Concretely, for what concerns macro-prudential supervision, the Commission proposes the establishment of a new body, the European Systemic Risk Council that would be entrusted with the role of ensuring macro financial stability in the EU.

Based on appropriate analysis, the Council would be able to detect potential threats to the stability of the entire financial system and, if needed, to issue early warnings about these threats and make recommendations to avoid that they materialise.

In doing so, we will be able to ensure that we escape from the boom-bust dynamic that is at the origin of the systemic failures that have characterised the functioning of our financial systems recently.

We are proposing that this Systemic Risk Council is chaired by the President of the European Central Bank and that the ECB plays a key role in its functioning. Its members would include all the central bank governors of the 27 Member States, the Vice-President of the ECB, the chairpersons of the three new European Supervisory Authorities and a member of the European Commission.
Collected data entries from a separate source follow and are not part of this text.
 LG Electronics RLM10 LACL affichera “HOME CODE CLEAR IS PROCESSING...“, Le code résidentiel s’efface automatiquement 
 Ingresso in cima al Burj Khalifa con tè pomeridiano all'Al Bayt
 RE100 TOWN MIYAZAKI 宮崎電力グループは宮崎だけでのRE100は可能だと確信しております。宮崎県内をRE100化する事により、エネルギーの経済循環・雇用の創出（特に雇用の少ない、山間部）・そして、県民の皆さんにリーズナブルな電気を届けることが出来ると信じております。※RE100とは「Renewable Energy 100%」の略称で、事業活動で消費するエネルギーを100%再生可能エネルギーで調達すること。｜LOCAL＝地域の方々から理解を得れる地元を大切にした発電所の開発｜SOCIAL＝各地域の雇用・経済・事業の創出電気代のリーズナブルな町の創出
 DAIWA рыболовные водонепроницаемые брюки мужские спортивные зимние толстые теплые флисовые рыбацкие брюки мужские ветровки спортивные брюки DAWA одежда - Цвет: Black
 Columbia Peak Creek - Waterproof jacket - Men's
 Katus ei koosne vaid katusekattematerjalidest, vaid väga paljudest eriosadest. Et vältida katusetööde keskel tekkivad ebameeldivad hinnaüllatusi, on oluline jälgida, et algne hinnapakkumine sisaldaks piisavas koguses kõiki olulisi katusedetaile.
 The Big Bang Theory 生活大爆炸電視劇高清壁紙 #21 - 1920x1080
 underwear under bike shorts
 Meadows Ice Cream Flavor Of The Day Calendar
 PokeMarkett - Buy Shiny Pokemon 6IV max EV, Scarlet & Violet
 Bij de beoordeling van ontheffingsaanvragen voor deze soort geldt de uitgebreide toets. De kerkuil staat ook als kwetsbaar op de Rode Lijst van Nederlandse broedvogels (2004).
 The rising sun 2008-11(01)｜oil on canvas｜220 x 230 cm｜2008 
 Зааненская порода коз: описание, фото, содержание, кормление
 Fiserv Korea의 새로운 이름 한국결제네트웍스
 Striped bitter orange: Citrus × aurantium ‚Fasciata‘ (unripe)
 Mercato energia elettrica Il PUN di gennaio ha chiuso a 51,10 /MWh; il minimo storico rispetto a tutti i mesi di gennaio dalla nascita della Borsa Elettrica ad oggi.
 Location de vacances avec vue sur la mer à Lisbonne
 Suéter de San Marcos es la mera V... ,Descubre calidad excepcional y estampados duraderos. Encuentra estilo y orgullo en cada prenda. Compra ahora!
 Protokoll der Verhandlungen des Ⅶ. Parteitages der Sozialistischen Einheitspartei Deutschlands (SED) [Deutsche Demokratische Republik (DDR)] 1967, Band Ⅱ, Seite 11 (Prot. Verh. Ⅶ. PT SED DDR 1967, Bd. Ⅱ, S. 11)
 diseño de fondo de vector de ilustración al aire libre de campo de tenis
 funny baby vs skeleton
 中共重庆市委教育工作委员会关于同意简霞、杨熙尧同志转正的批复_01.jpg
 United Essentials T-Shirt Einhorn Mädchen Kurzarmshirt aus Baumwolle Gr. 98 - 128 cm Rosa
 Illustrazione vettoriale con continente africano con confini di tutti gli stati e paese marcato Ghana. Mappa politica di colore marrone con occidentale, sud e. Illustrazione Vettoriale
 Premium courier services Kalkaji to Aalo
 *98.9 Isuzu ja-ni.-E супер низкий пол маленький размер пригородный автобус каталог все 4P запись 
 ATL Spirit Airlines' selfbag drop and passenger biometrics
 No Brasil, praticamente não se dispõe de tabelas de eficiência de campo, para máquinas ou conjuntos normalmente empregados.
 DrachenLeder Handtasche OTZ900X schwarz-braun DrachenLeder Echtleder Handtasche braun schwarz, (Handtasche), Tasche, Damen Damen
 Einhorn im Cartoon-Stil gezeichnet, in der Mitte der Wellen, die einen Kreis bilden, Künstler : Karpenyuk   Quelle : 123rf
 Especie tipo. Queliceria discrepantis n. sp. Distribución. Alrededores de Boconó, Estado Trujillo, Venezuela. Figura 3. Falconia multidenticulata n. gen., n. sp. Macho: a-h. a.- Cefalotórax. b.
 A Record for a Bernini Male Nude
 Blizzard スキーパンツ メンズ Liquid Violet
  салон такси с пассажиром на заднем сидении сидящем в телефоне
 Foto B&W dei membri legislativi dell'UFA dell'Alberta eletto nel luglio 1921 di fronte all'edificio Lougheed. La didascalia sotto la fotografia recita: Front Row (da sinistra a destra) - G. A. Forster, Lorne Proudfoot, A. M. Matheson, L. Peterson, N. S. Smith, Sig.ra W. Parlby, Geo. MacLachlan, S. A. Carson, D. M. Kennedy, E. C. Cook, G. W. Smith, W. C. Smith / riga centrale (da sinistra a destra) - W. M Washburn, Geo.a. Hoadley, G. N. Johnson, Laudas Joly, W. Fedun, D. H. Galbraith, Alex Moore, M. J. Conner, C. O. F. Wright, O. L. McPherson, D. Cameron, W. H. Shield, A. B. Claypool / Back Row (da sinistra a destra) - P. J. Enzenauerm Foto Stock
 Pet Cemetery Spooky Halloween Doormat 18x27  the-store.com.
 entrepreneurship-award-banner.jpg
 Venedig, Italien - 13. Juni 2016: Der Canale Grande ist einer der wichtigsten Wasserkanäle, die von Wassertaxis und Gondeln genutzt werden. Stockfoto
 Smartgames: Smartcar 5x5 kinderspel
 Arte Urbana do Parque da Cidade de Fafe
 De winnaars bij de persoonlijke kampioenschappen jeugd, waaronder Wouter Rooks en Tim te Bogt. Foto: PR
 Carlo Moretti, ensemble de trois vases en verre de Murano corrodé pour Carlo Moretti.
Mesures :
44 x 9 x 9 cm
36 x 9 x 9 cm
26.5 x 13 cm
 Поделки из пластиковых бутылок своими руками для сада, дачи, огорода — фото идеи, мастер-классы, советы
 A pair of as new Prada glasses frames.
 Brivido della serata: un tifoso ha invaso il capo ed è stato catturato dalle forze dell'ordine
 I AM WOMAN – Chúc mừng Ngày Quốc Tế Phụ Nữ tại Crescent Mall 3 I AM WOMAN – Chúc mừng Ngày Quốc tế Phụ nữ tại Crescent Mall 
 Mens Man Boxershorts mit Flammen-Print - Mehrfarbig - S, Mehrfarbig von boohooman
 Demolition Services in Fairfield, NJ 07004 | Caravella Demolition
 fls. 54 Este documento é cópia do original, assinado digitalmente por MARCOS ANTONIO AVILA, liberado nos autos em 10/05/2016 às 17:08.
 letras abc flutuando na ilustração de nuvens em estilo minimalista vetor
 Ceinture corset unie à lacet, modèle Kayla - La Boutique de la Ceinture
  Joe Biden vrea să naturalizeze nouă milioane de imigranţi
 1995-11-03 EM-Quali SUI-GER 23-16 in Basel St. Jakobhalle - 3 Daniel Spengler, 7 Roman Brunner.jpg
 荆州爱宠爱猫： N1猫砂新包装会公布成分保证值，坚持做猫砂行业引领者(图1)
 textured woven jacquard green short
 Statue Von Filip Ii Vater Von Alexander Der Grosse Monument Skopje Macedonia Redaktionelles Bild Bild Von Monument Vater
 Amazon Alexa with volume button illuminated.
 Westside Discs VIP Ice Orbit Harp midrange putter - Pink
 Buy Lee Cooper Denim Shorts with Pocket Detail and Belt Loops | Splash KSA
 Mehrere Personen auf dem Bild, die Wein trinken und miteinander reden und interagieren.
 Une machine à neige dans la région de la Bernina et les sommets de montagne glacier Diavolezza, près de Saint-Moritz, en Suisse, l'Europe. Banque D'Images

This composition reflects the links between micro- and macro supervision and the necessary consistency between those and the role of the Commission.

I would like to add, that it is paramount that the judgements made by the Council are based on information of the utmost quality. Access to information is therefore key. And it is crucial that the warnings and recommendations are followed by action. If this is not the case, the addressees of the warnings, generally the Member States, should have to explain why according to the "act or explain" mechanism.

I will finish by saying that this new body would, obviously, liaise closely with the IMF, the Financial Stability Board and other international systemic-risk counterparts.